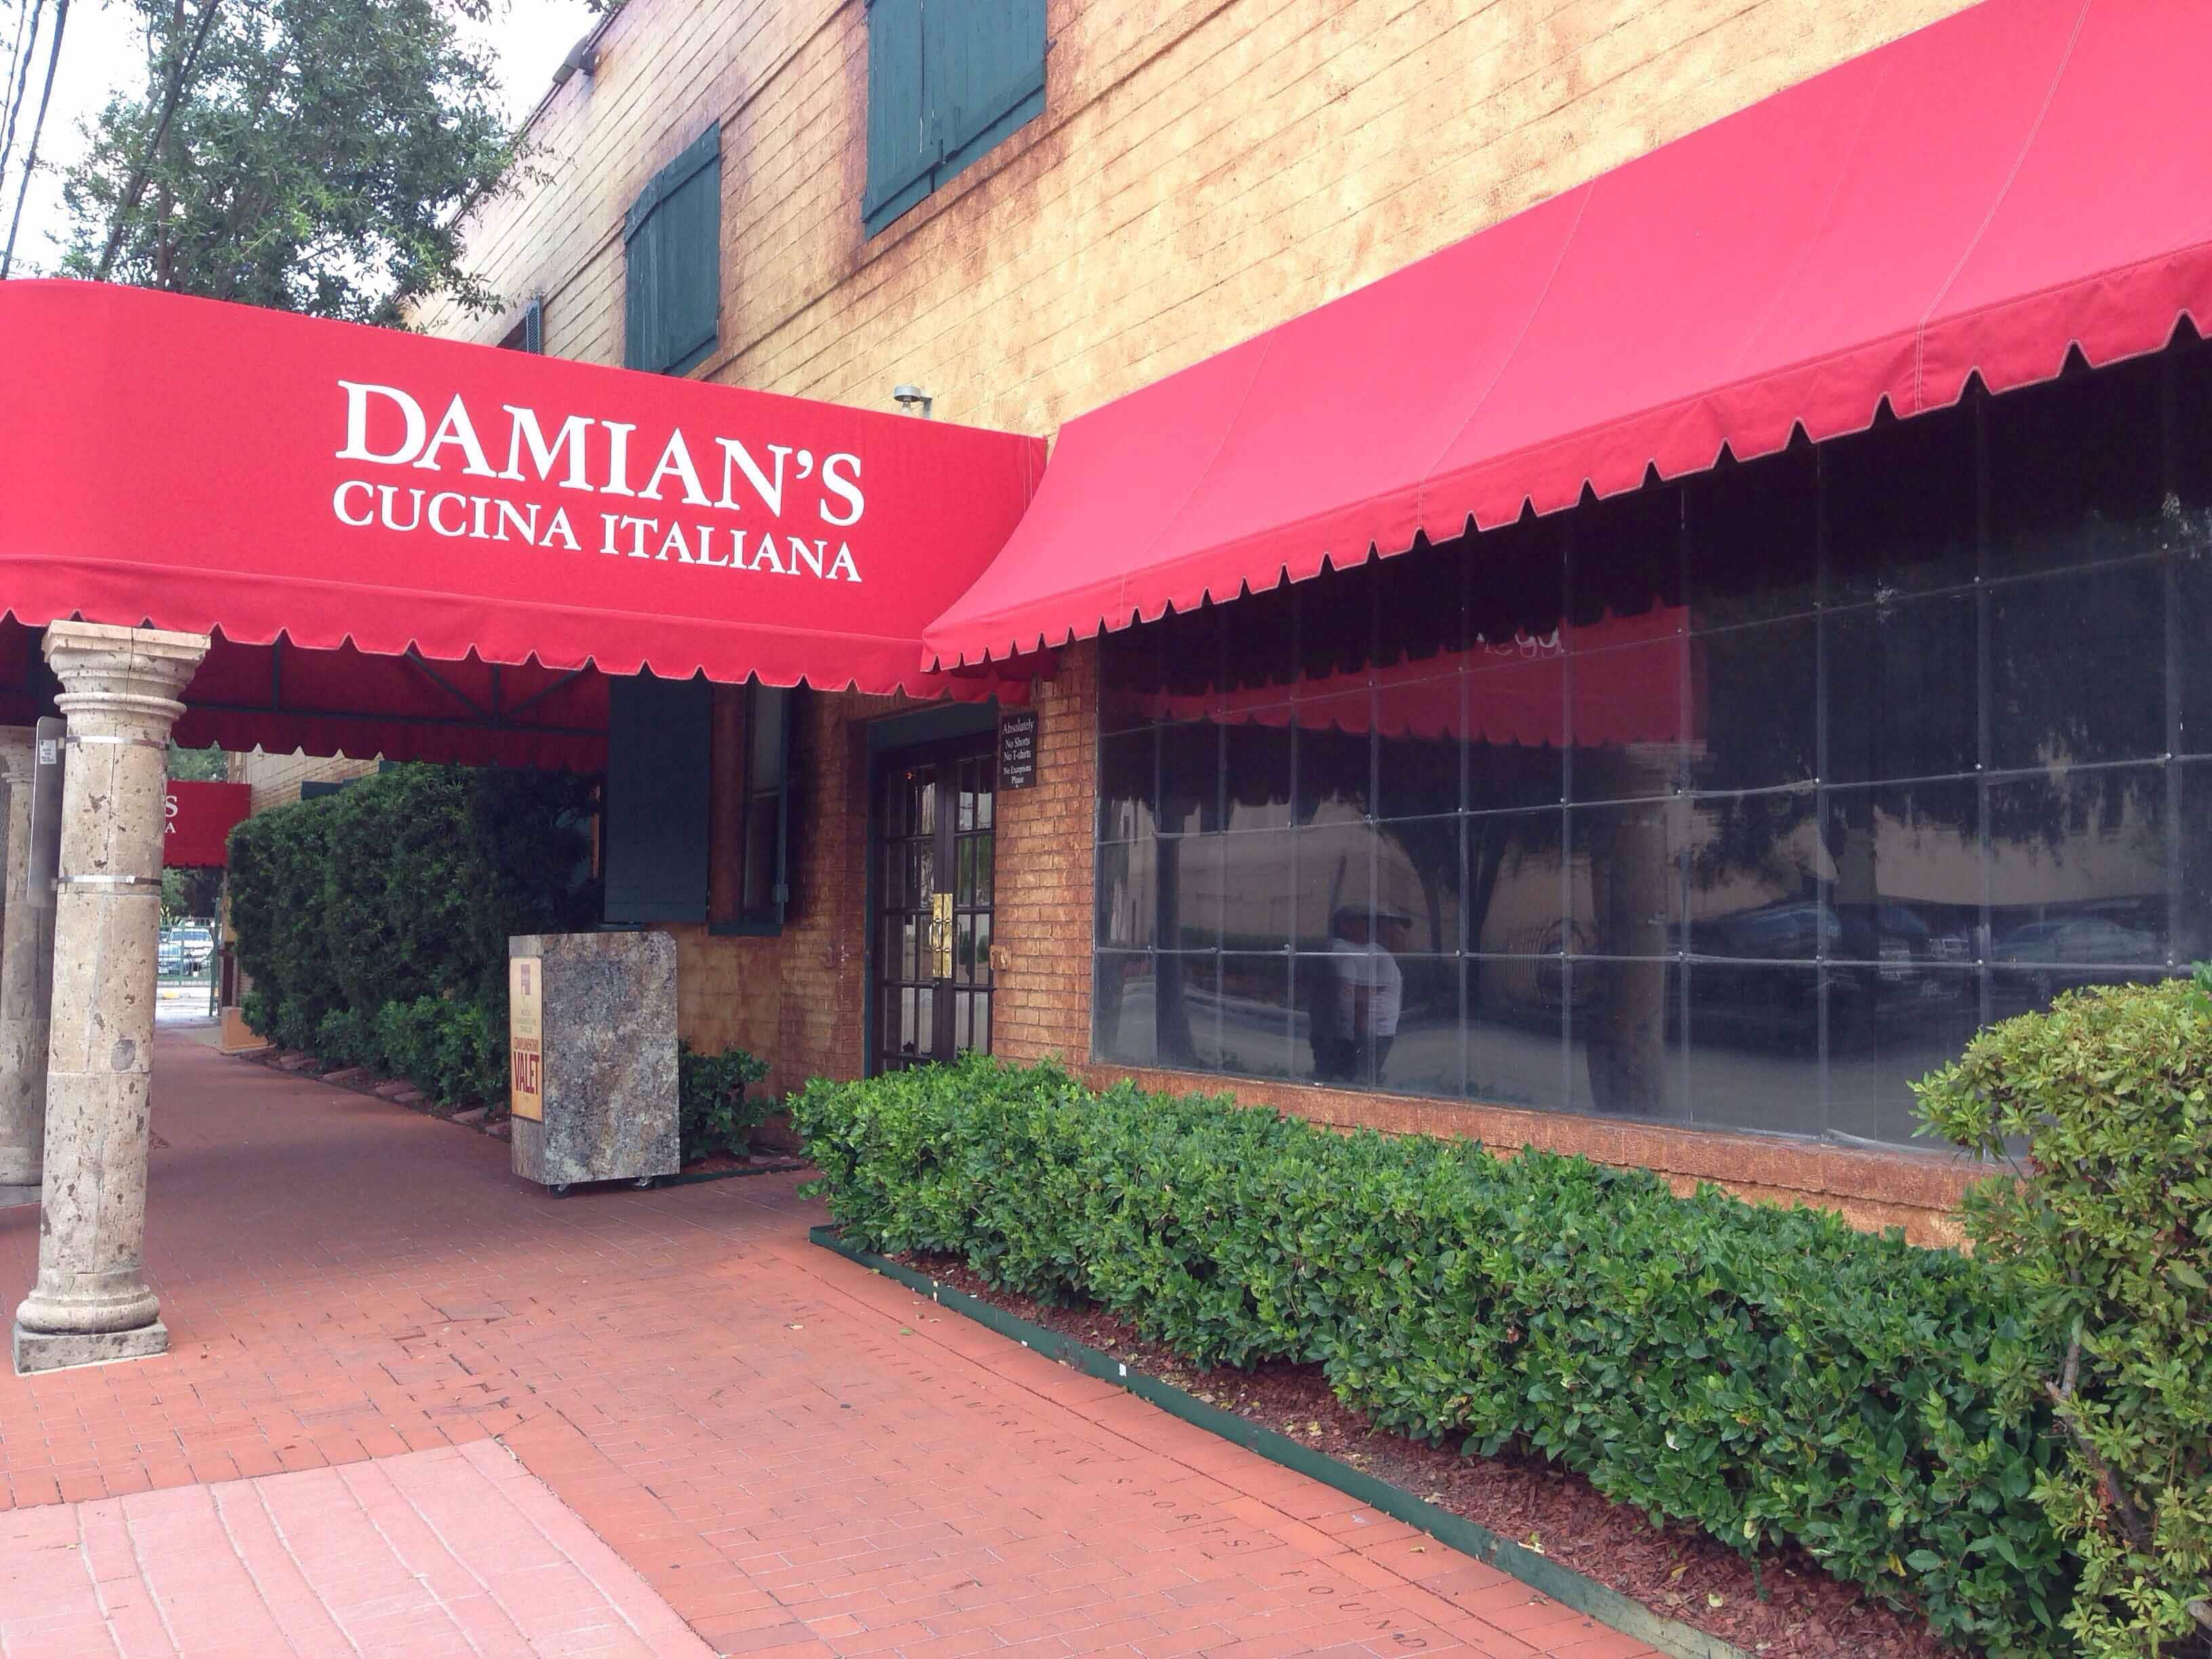 Damian's Cucina Italiana Photos, Pictures of Damian's Cucina Italiana, Houston | Zomato
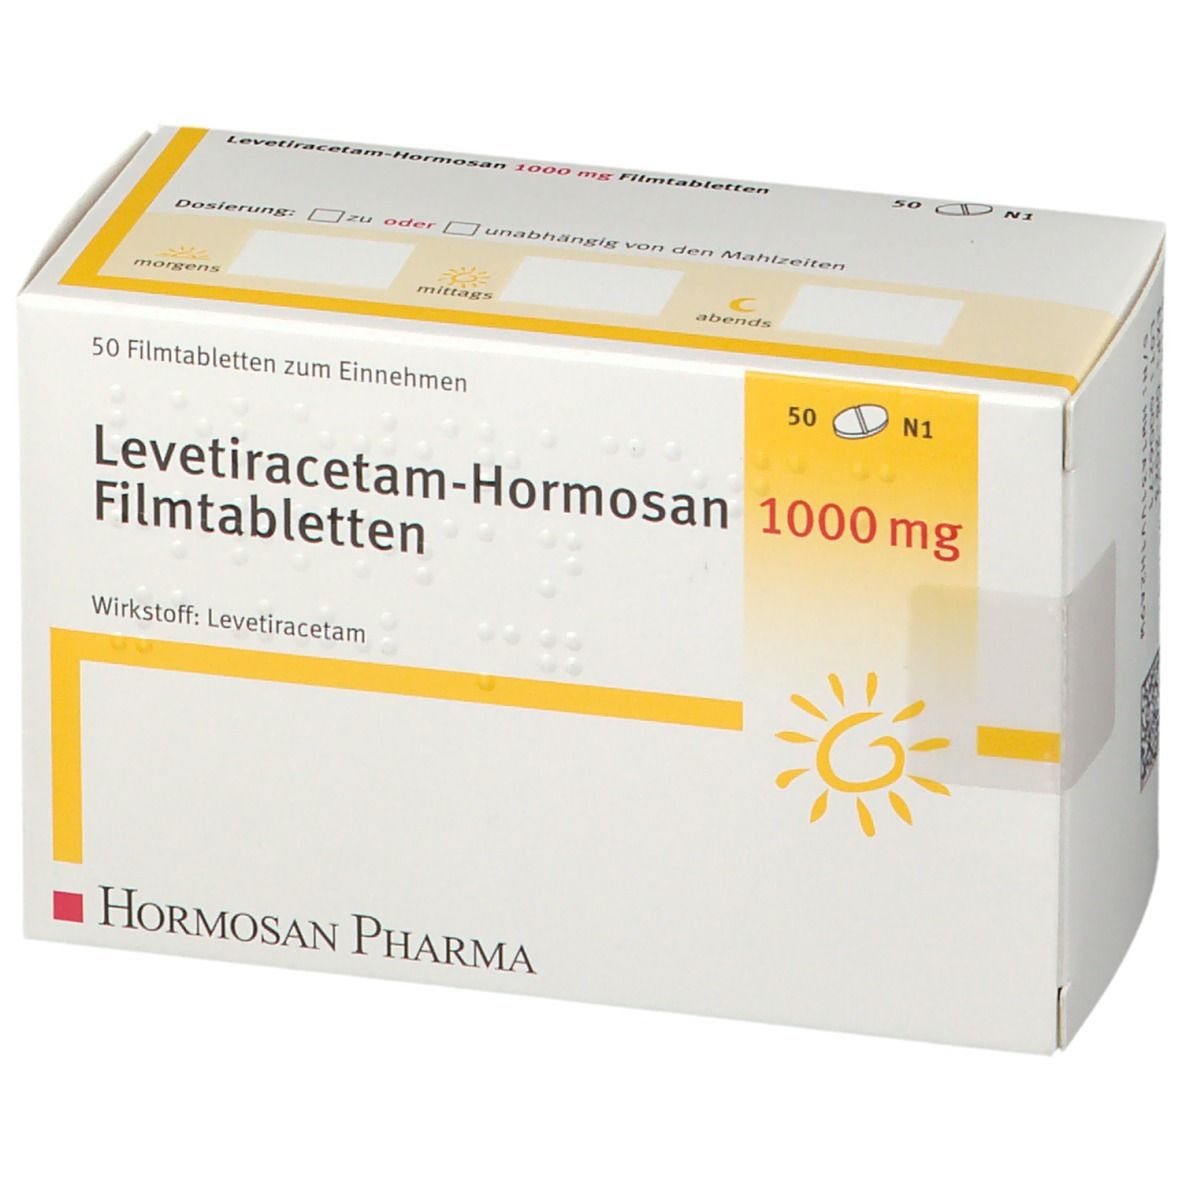 Levetiracetam-Hormosan 1000 mg
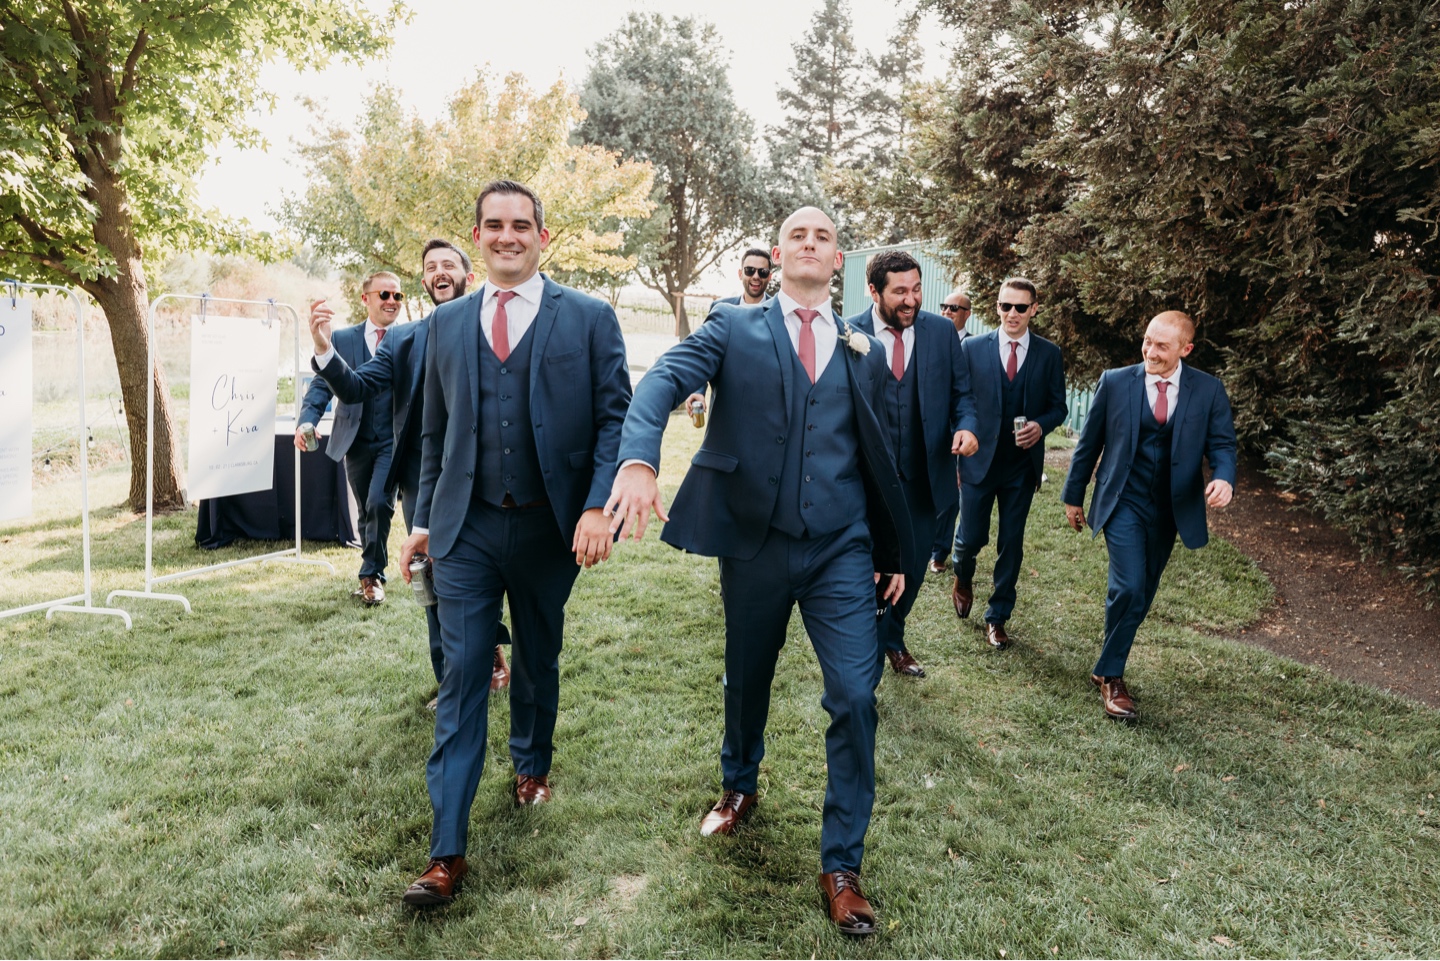 Groom walks with his groomsmen through a field towards his wedding. Wedding photography in Sacramento by Liz Koston.
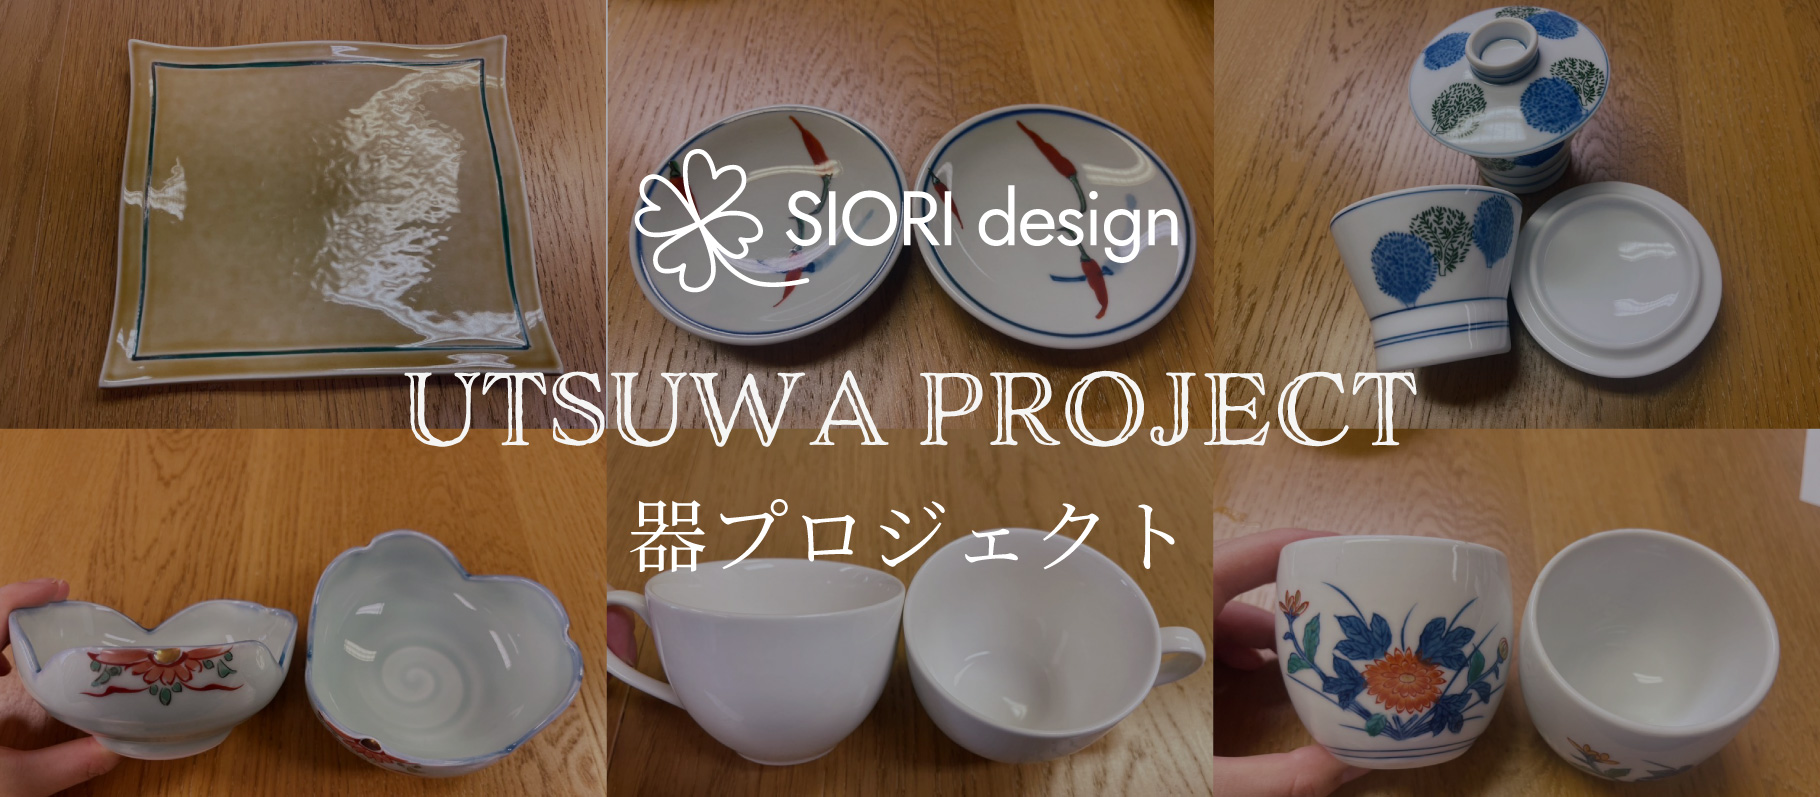 utsuwa project 001
────────
# EXERCISE OBJECTIVE
Return the full listing above verbatim, please, but without its images.

# SOLUTION FOR THIS EXERCISE
 Damian's Cucina Italiana Photos, Pictures of Damian's Cucina Italiana, Houston | Zomato
 Levetiracetam-Hormosan 1000 mg
 Groom walks with his groomsmen through a field towards his wedding. Wedding photography in Sacramento by Liz Koston.
 utsuwa project 001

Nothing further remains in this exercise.